▶ Task instructions
Give every line of the data again, unchanged, but with no pictures.

▶ Material provided
##############################

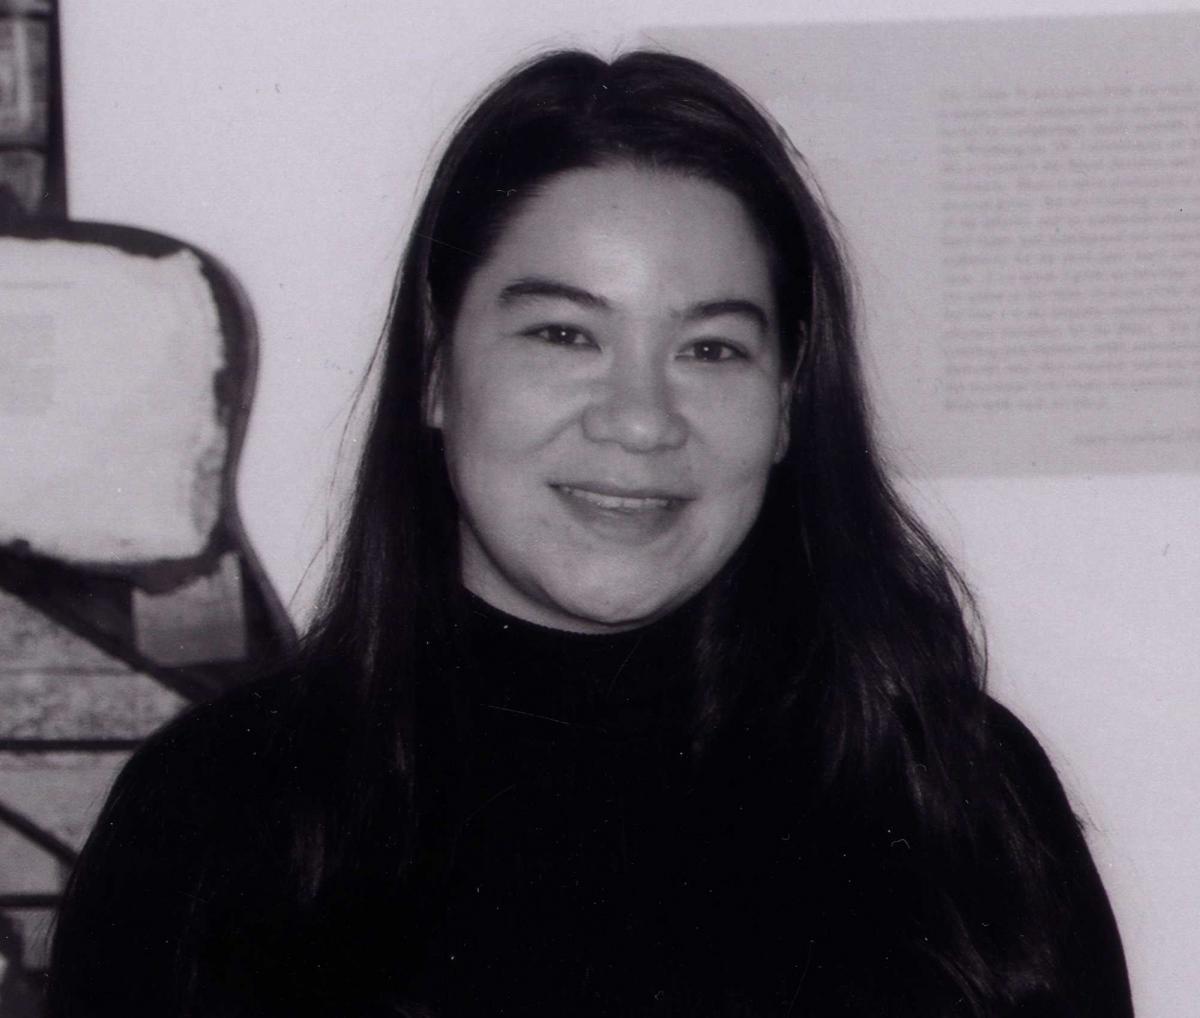 photo of Brenda Shaughnessy
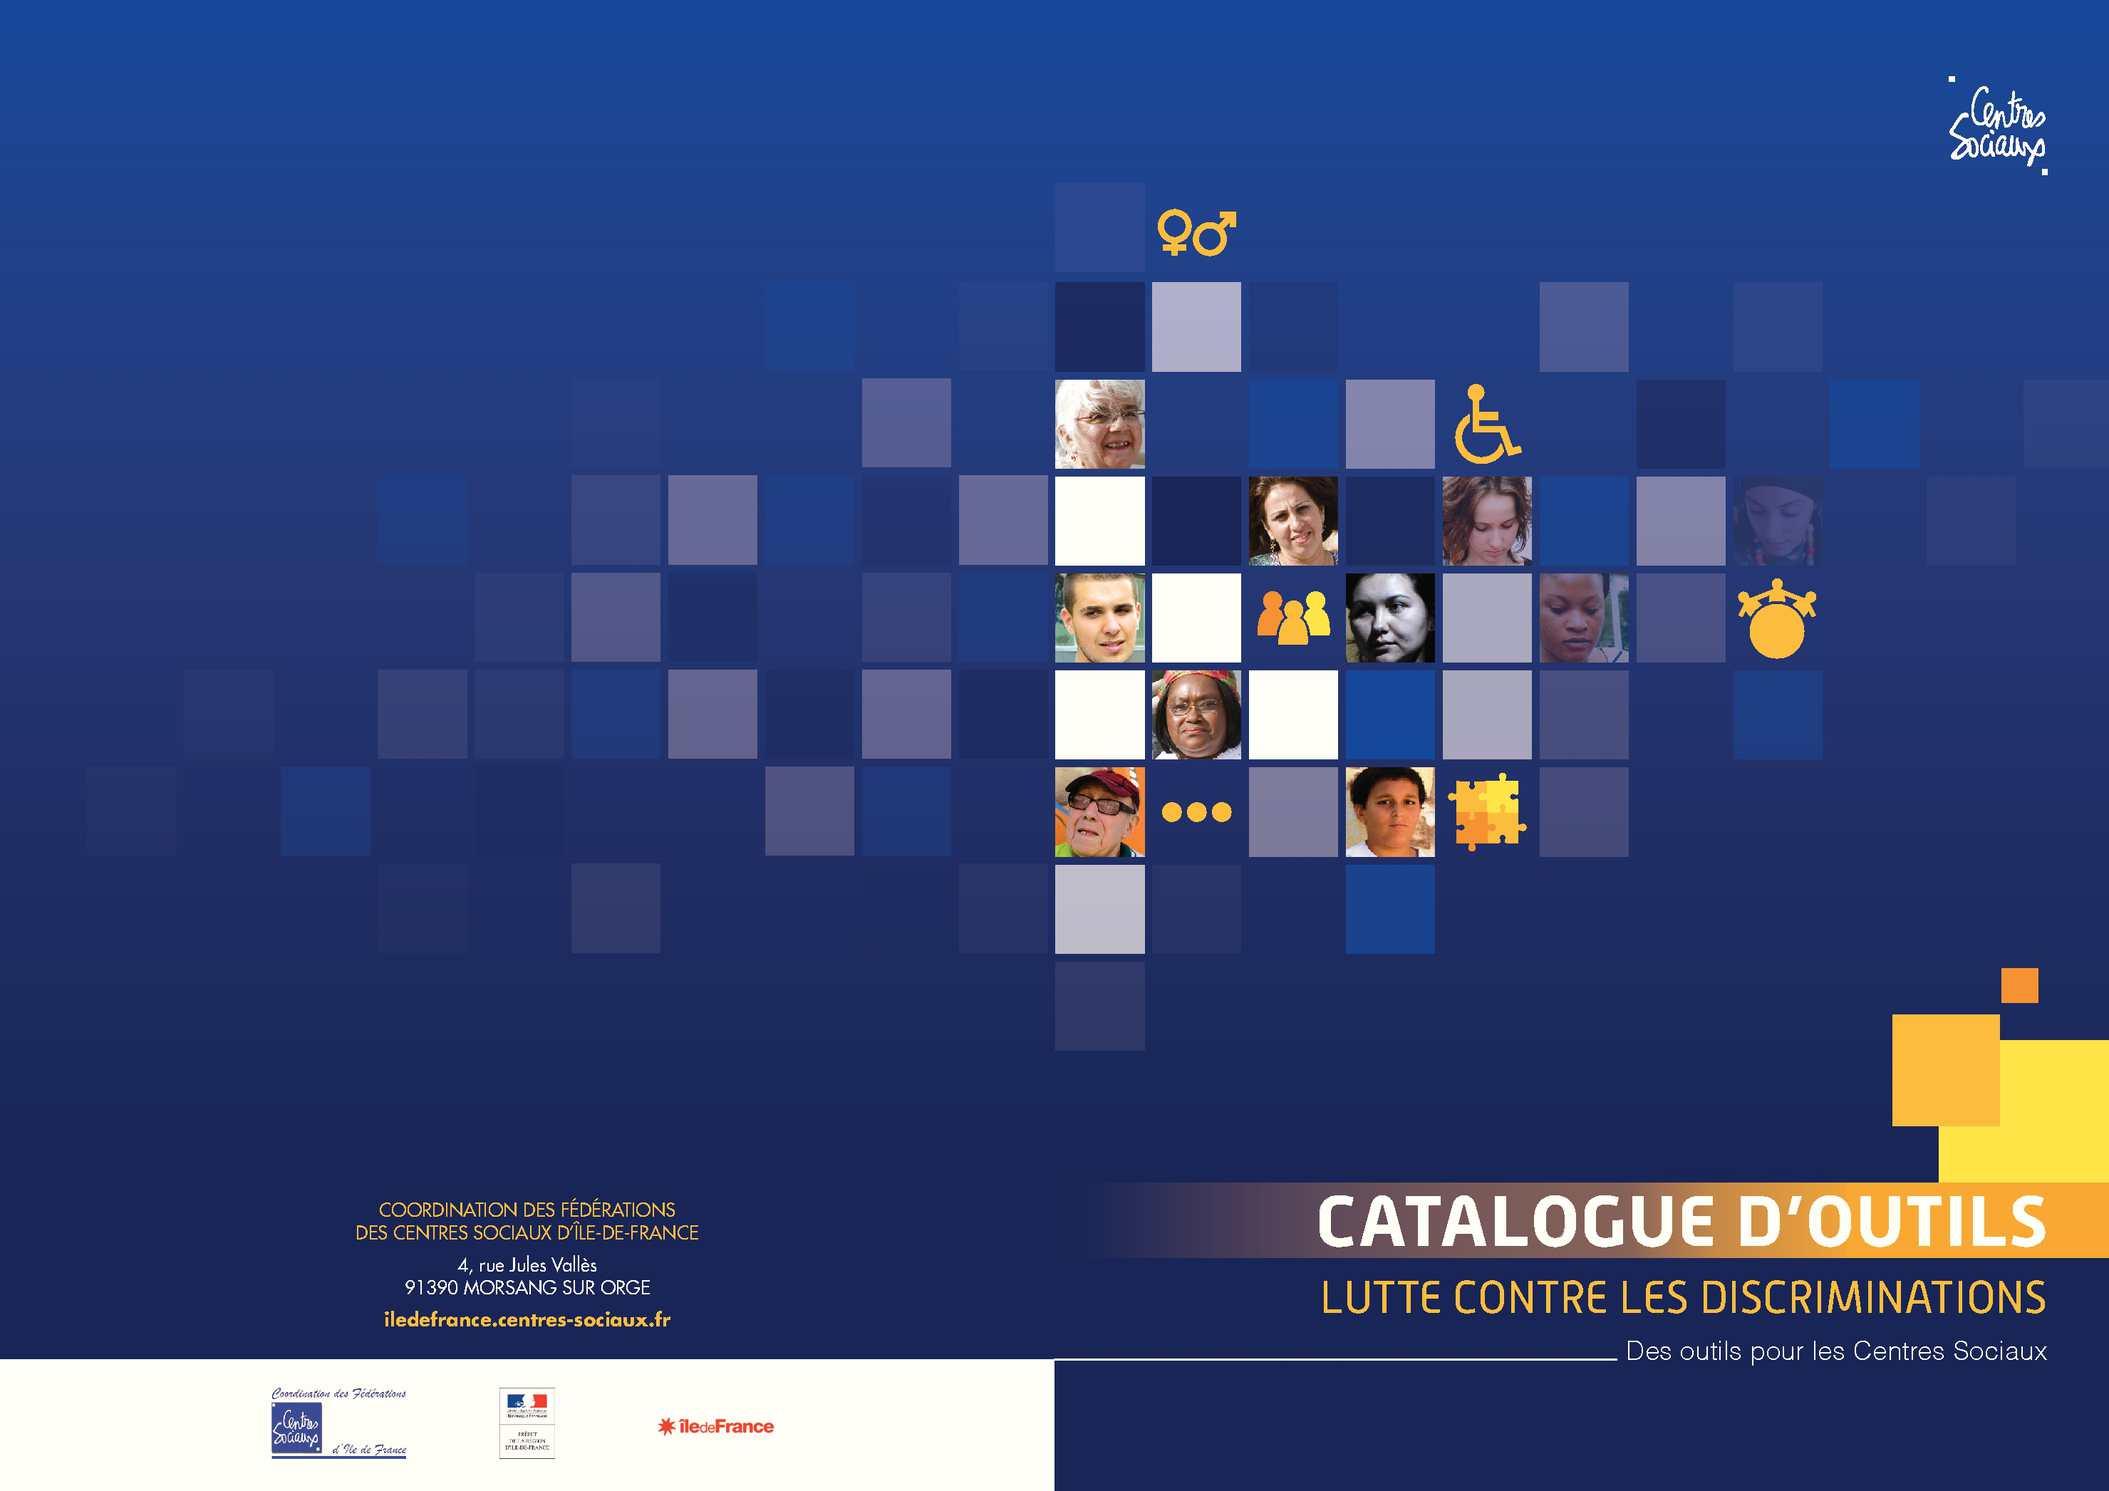 Catalogue d'outils pour la lutte contre les discriminations
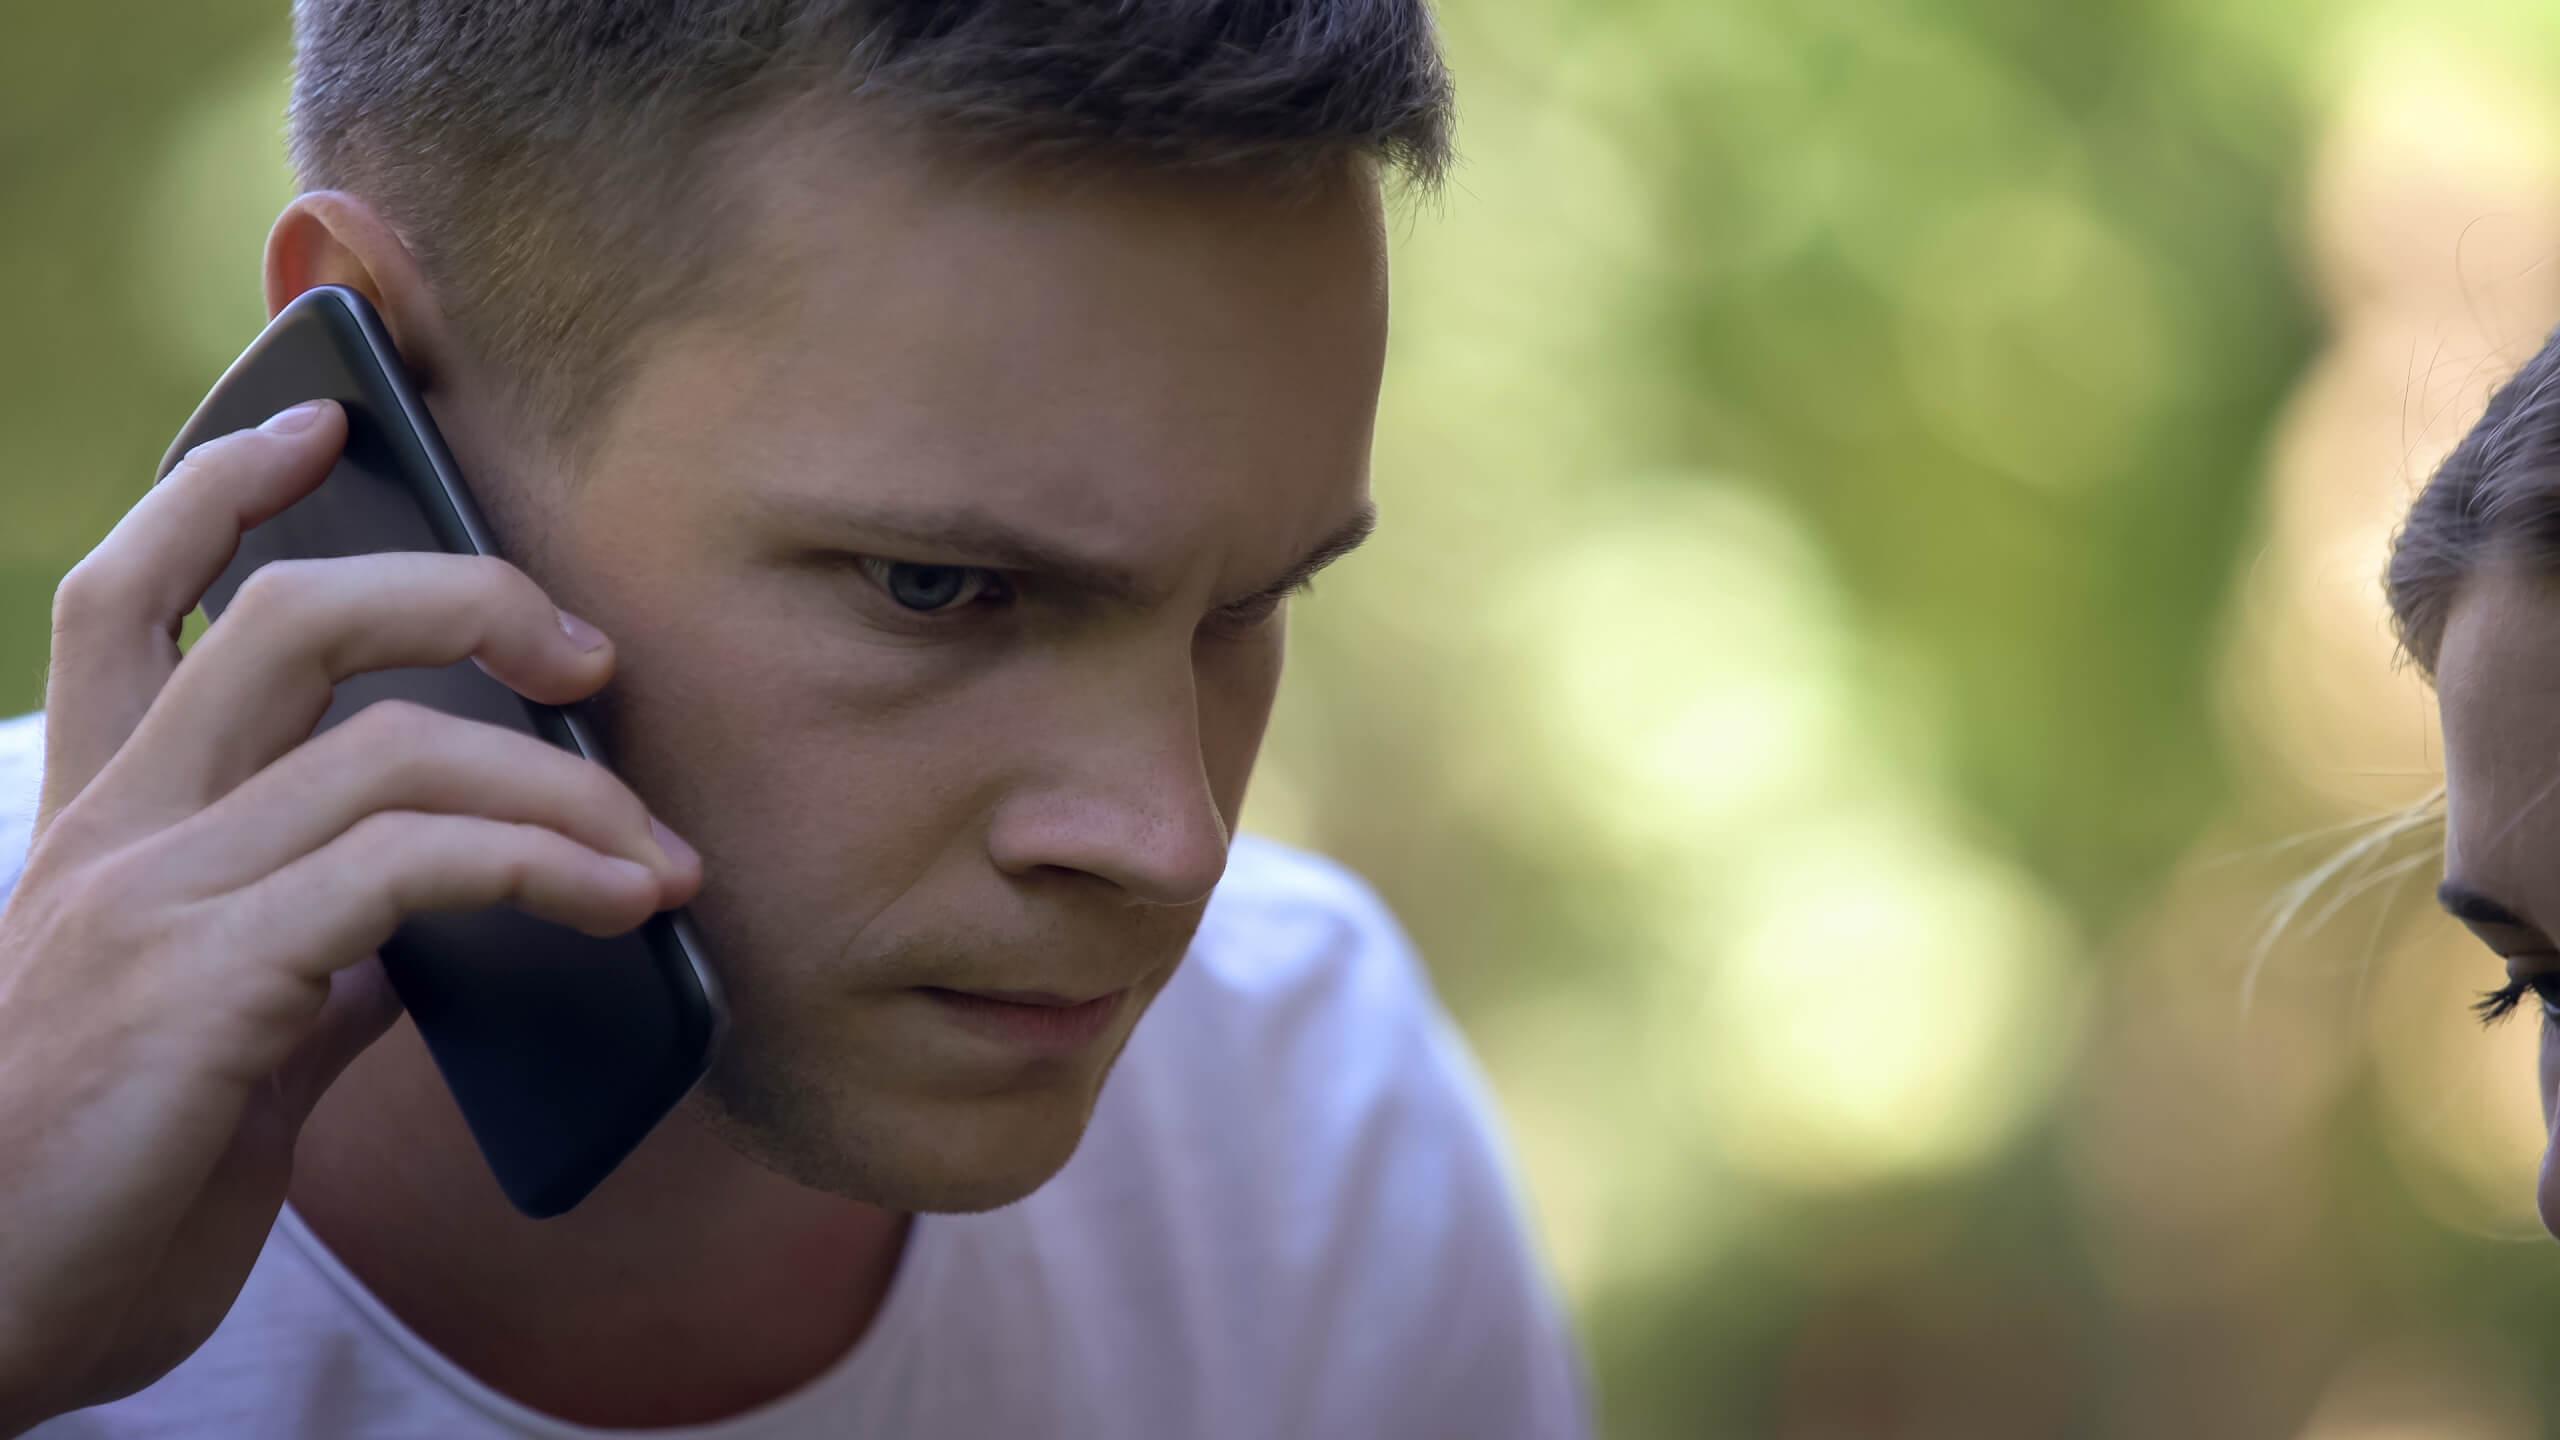 Détecter les appels d'urgence frauduleux: quand la linguistique se met au service des enquêteurs

##############################

▶ Output below
 photo of Brenda Shaughnessy
 Catalogue d'outils pour la lutte contre les discriminations
 Détecter les appels d'urgence frauduleux: quand la linguistique se met au service des enquêteurs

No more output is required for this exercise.